Despite the first IVF child now being over forty years old, public and patient understanding surrounding causes and treatments for subfertility remains poor. Furthermore, with one in seven couples seeking assisted conception the risk of unnecessary upset and/or offence due to poor communication is high. Misleading language used for routine and research diagnostic testing itself further obscures the meaning of actual diagnoses through terms like ‘normal’ rather than ‘typical’ and problematic phrases such as ‘hostile uterus’, ‘killer cells’ or ‘your body has rejected the hormones’.

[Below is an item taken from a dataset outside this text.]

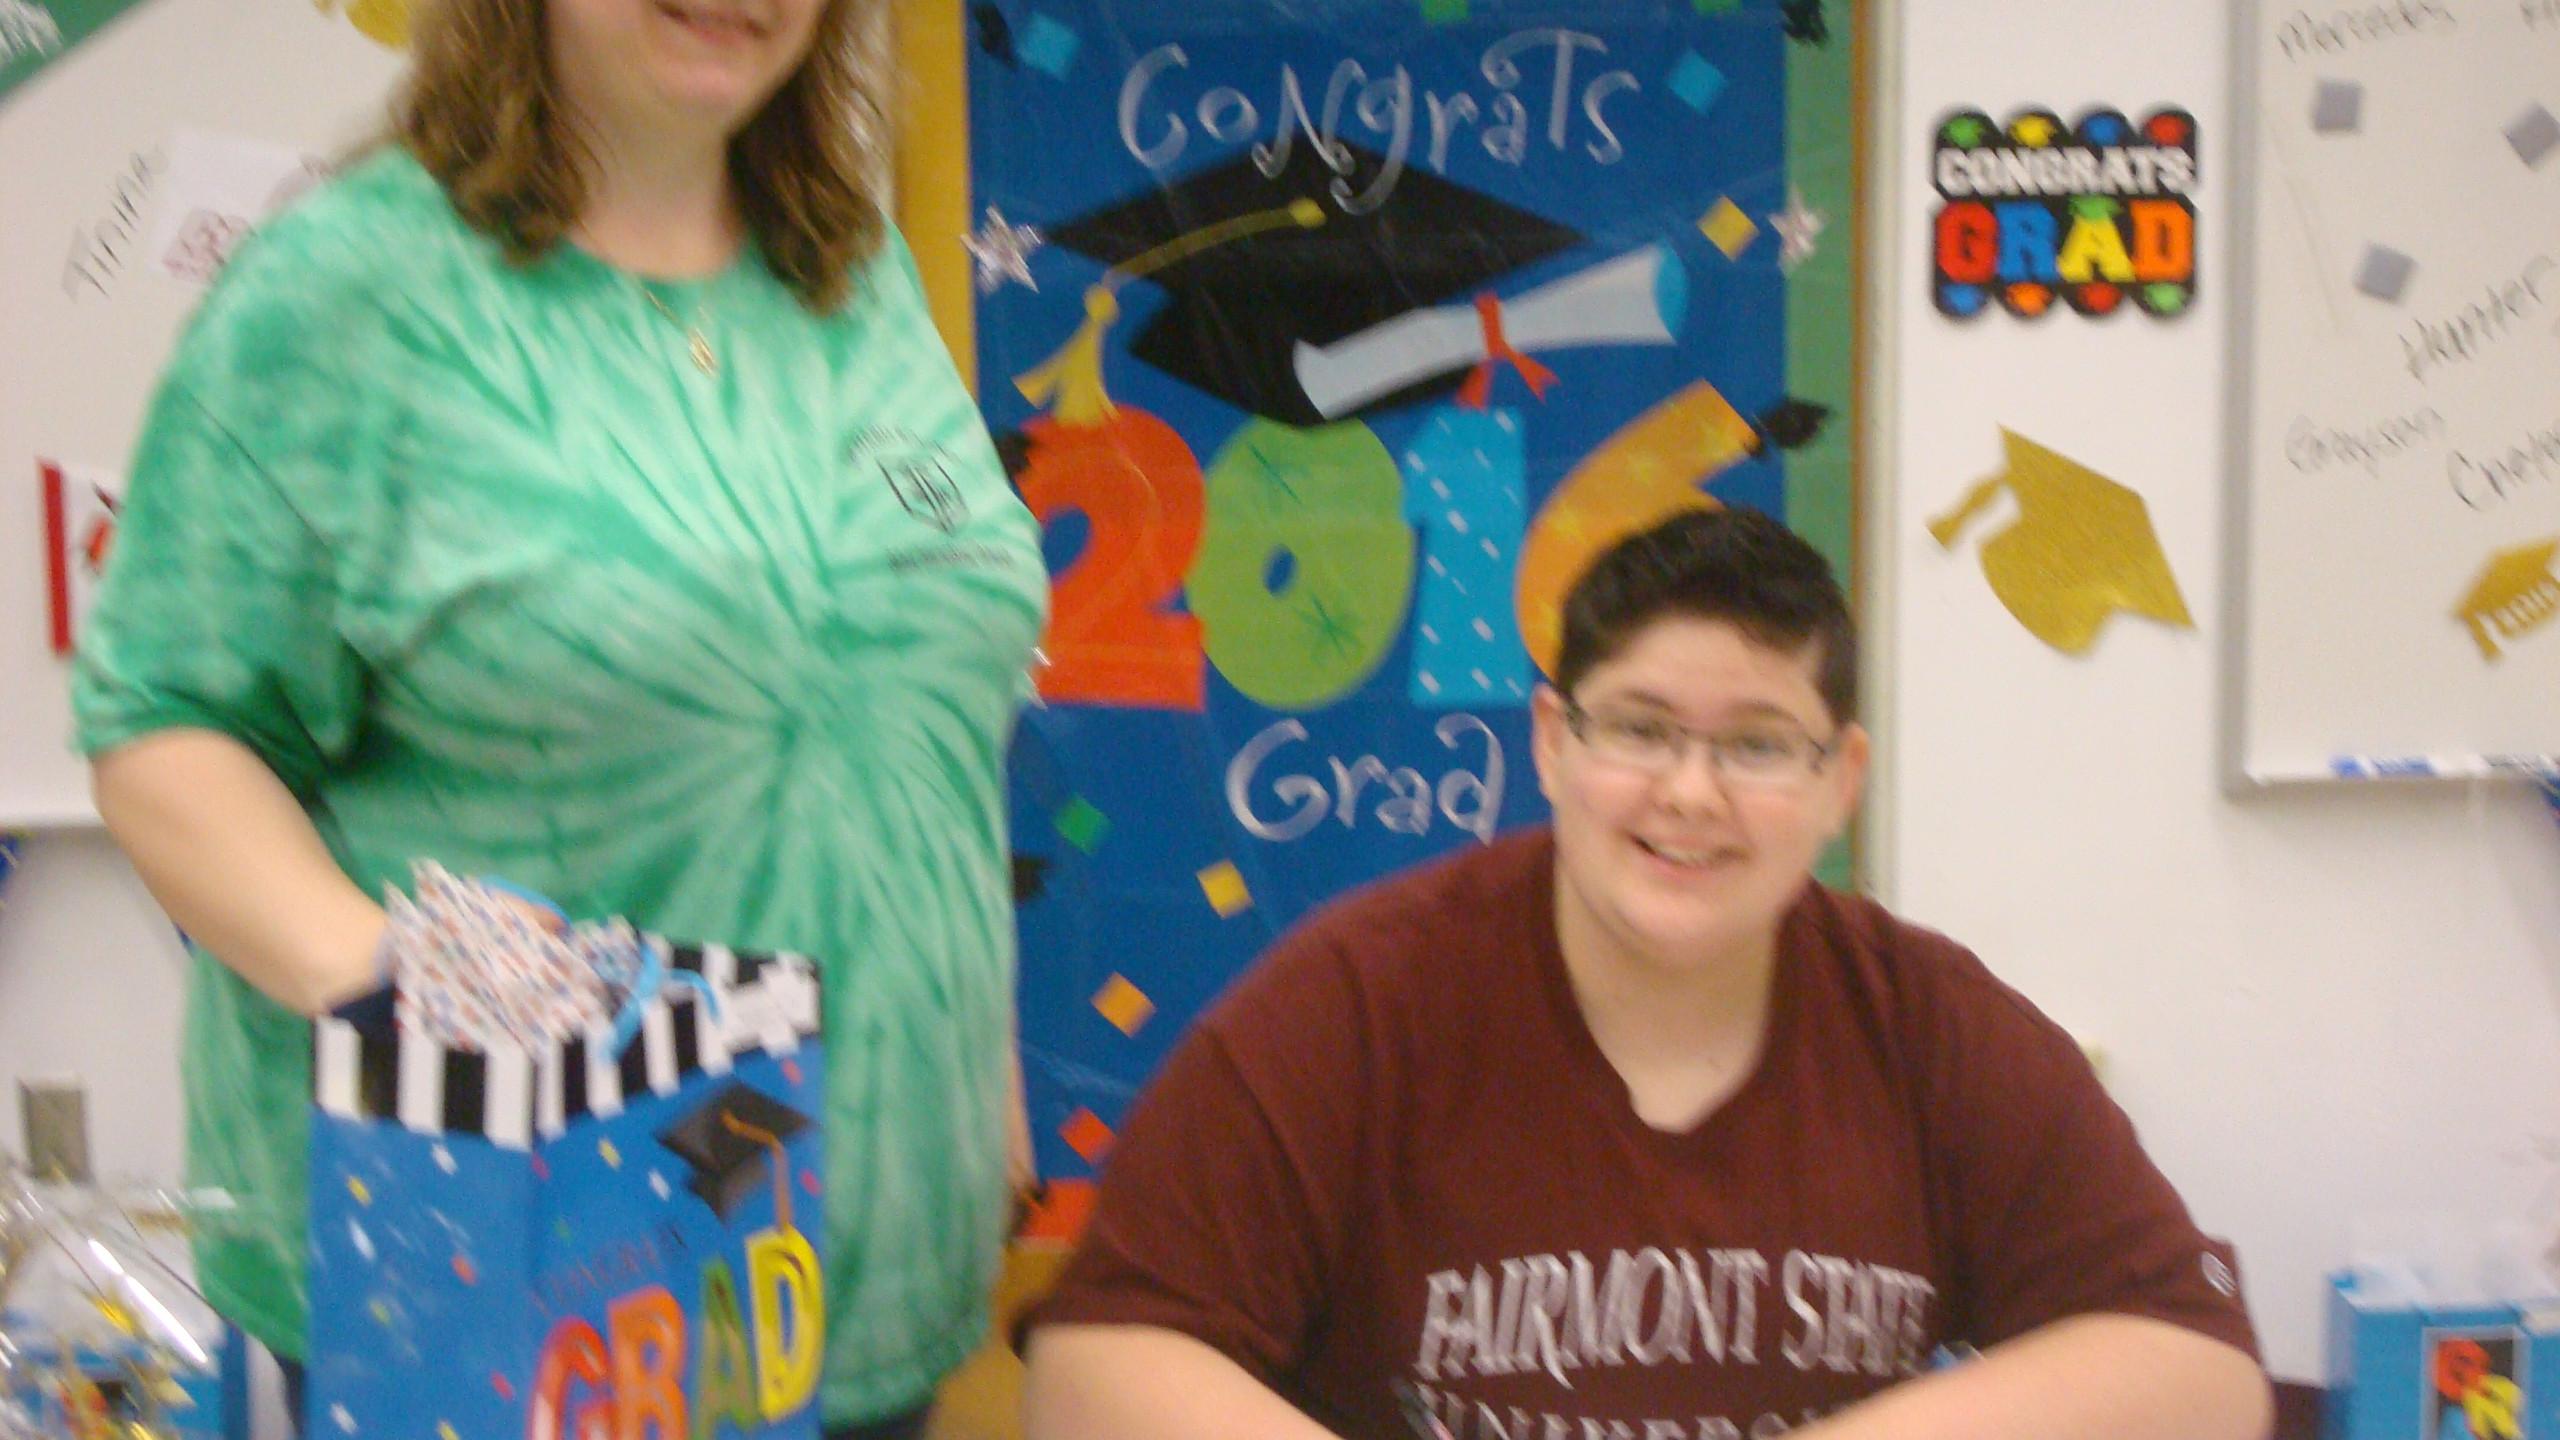 Grayson plans to attend Fairmont State University

Much of the language used to frame subfertility uses figurative language such as metaphor, metonymy and euphemism and other forms of vague and indirect expression. These can be understood in different ways and lead different individuals in one conversation to form different understandings of the problem that may diverge from the facts. Metaphor in particular has the ability to highlight some aspects of a situation whilst downplaying others. For example the phrase ‘killer cells’, used in conjunction with a research explanation of failed embryo implantation, implies agency and may evoke connotations of aggressive and deliberate action on the part of the uterus. Given that the images evoked by metaphors are often vivid and memorable, they are likely to endure in the face of evidence to the contrary.
There are culturally driven attitudes and understandings of the role of the different sexes in relation to conception, fertility, pregnancy and healthy live born children, which will often be expressed through figurative language. These attitudes can impact on the ways in which we perceive men’s and women’s roles in the process of reproduction. Male identity around fertility often becomes confused with ideas of manhood and masculinity. This is particularly prevalent around sperm analysis results and conception. Conversely, once conception has been achieved information about pregnancy and the language that is used to convey it tends to abdicate any further role for the male. Female related concepts often relate to ‘insufficiency’ of the ovary and ‘failure’ of fertilisation, implantation or nurture the developing embryo – implying certain roles in motherhood. For both sexes, the potential for language-related misunderstandings, and even conflict, is further exacerbated when a miscarriage occurs. The language of blame also permeates discussions of pregnancy loss, with women feeling that they have ‘failed’ or that their bodies have ‘let them down’.
To address this multi-faceted problem in fertility and language, there need to be more conversations between linguists and clinicians. Collaborations of this type are necessary for understanding patient-focused language, so that this knowledge can be used to inform evidence based recommendations for improvement.